On October 16th, the Washington Post reported that Linda McMahon gave $6 million to a super PAC supporting Donald Trump. The two-time failed Senate candidate has criticized the GOP nominee in public, but the donation makes her one of Trump's largest outside donors.

Here we have two sides of what has become a heated political debate this election season: What makes for feminism? If it's merely about representation, and we have women wrestlers making great strides in gaining respect and visibility, then in that sense WWE has established itself, thanks to its turnaround on women wrestling and the roles of Stephanie and Linda McMahon in its business, as a feminist corporation.
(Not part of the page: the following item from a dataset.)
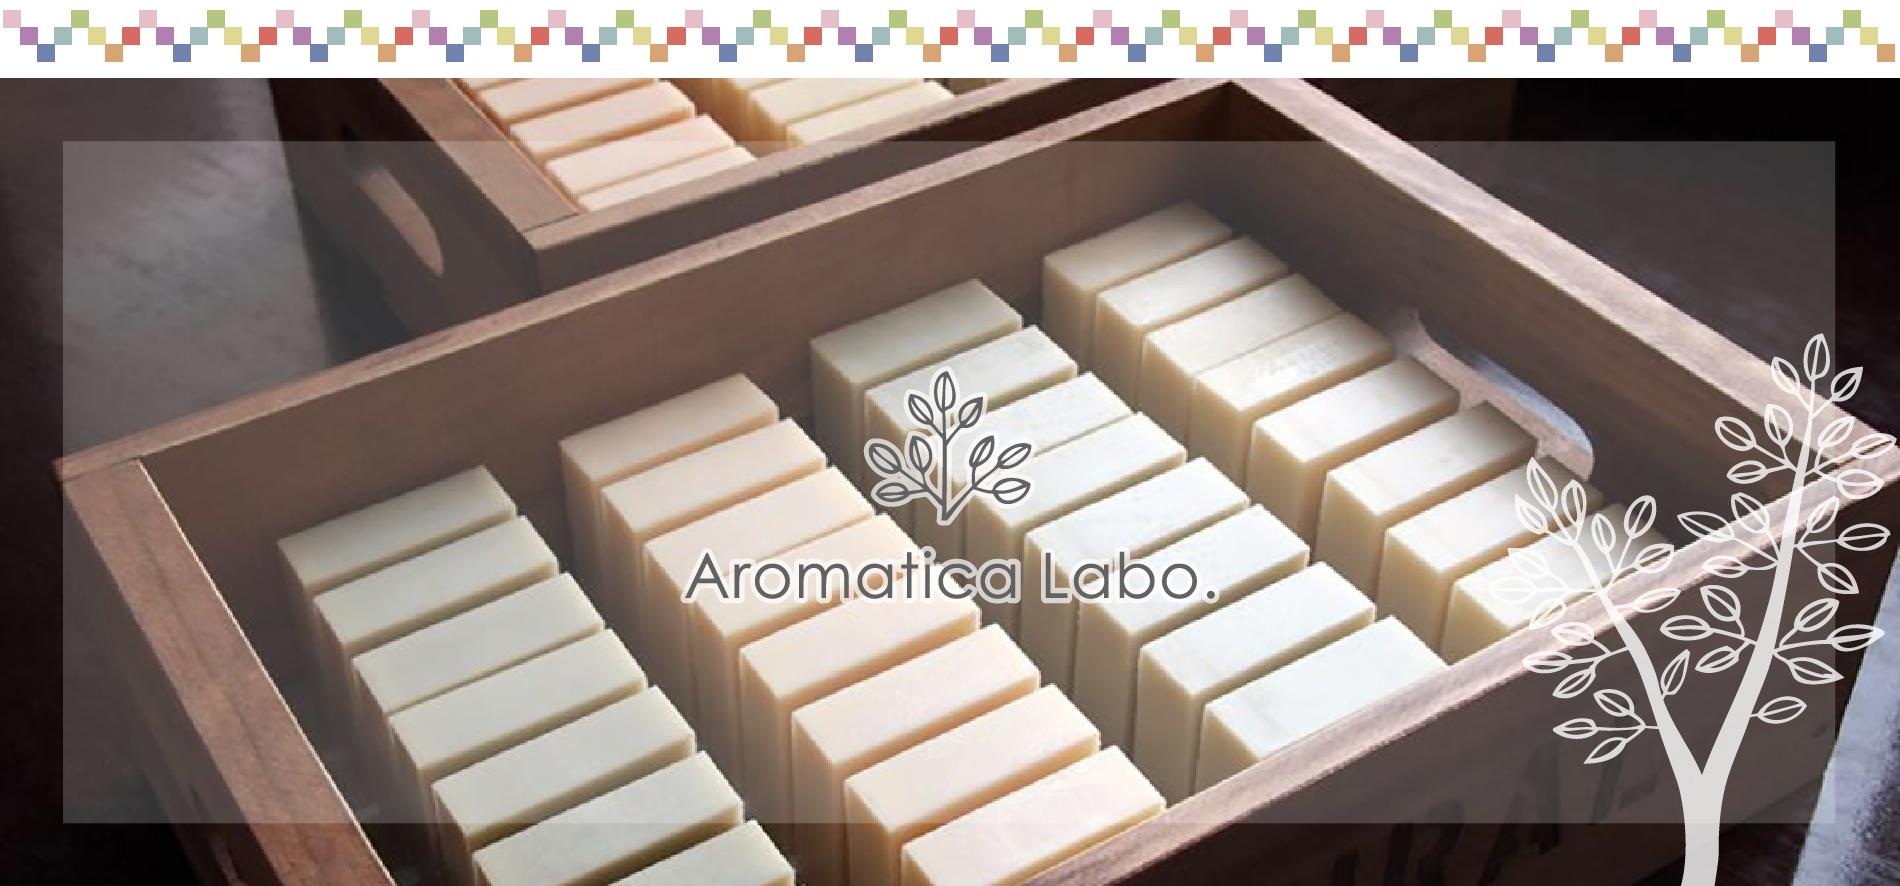 OEM化粧石鹸宝石石鹸スイーツソープコールドプロセス製法MPソープ医薬品医療機器等法遵守

Linda McMahon at a Republican Leadership Summit in 2015. Photo by Michael Vadon via Flickr

But if feminism is not just that—if it's about meeting the material needs of women across the country and providing health care that meets women's specific needs, if it's about childcare and a living wage and housing and education—then donating to Trump wipes out a significant portion of any progress the WWE can claim. What we're left with is just more of the same hocus pocus that has animated so much of the discourse around feminism this year, a facile pitch to the effect of look at this famous woman and her opportunities, you can get this, too, if you just lean in hard enough—and oh, please don't look at our company's political donation disclosures.

Again, this match was a big deal. But it was a big deal in service to a family that is donating millions to a lunatic who is running on a platform that makes women materially worse off. Even if we just distill this down to personal matters, it is the height of mixed messaging for WWE to claim a great victory for pop culture equality while its owners fund an alleged serial sex abuser.

Once again, pro wrestling finds itself working as a mirror to American politics. The broader debate is reenacted in microcosm in the ring, just as debates around race and class have long been pantomimed in rings around the country. There's a bit of nuance around this latest one, and it is no less meaningful than its predecessors for that. Wrestling is never as simple as it looks.